Academic background
- Education: BSc, Exercise Science, 1992, Concordia University MSc, Exercise and Health Science, 1994, York University PhD, 2010, University of Ottawa
- Thesis: What is the role of systematic reviews in tackling health inequity? (2010)

Academic work
- Institutions: Bruyère Research Institute

= Vivian Welch =

Canadian clinical epidemiology methodologist

Vivian Andrea Welch (née Robinson) is a Canadian clinical epidemiology methodologist and population health researcher. She is an associate professor at the University of Ottawa's School of Epidemiology and Public Health and Editor in Chief of the Campbell Collaboration.
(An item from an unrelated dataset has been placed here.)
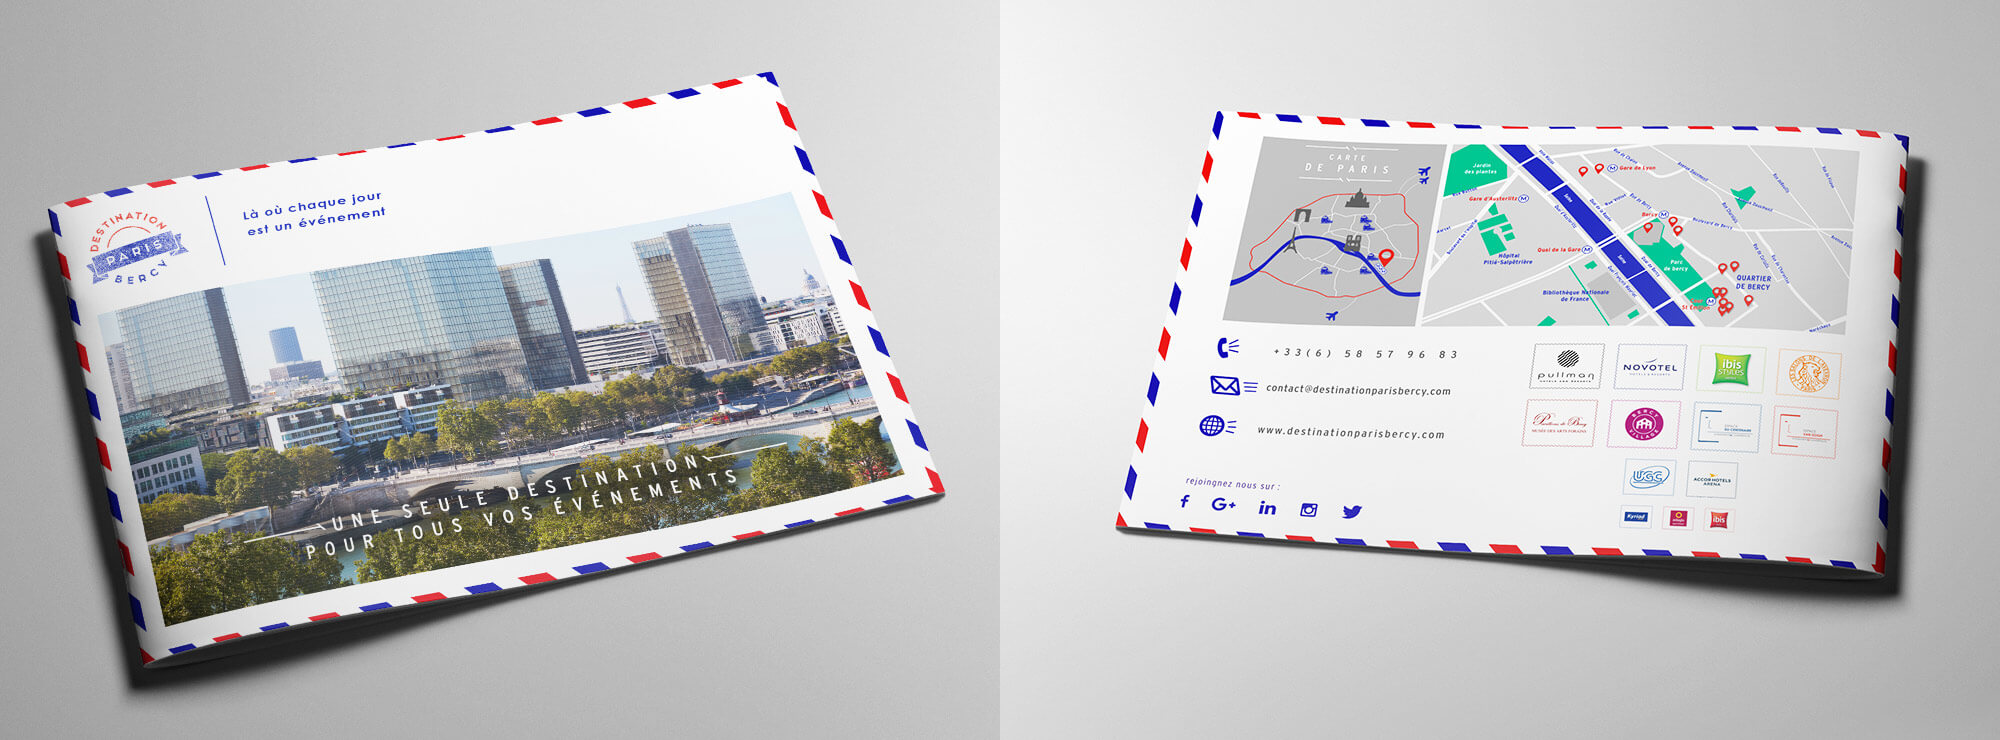 Destination Paris Bercy - une carte postale digitale parisienne

==Early life and education==
Welch earned her Bachelor of Science degree from Concordia University before moving to Ontario for her Master's degree from York University and PhD from the University of Ottawa under Peter Tugwell. While attending Concordia, she received The Francis J. Dowling Scholarship in athletic therapy and was named to the Faculty of Arts and Science
Dean's List.

==Career==
Upon completing her PhD, Welch joined the faculty at the University of Ottawa's Bruyère Research Institute (BRI) as their deputy director. While serving in this role, she also became the co-convenor of the Campbell and Cochrane Equity Methods Group. In 2016, Welch was appointed the co-manager of a data research program at the BRI to conduct research that describes, evaluates, and improves care for Ontario's ageing population. She was also the Principal investigator of a study that found that mass deworming campaigns had little effect on children’s health in low- and middle-income countries.

As a result of her academic accomplishments, Welch was appointed the inaugural Editor in Chief of the Campbell Collaboration and recognized as a Canadian leader in global health. In 2019, Welch was promoted from assistant professor to associate professor in the School of Epidemiology and Public Health.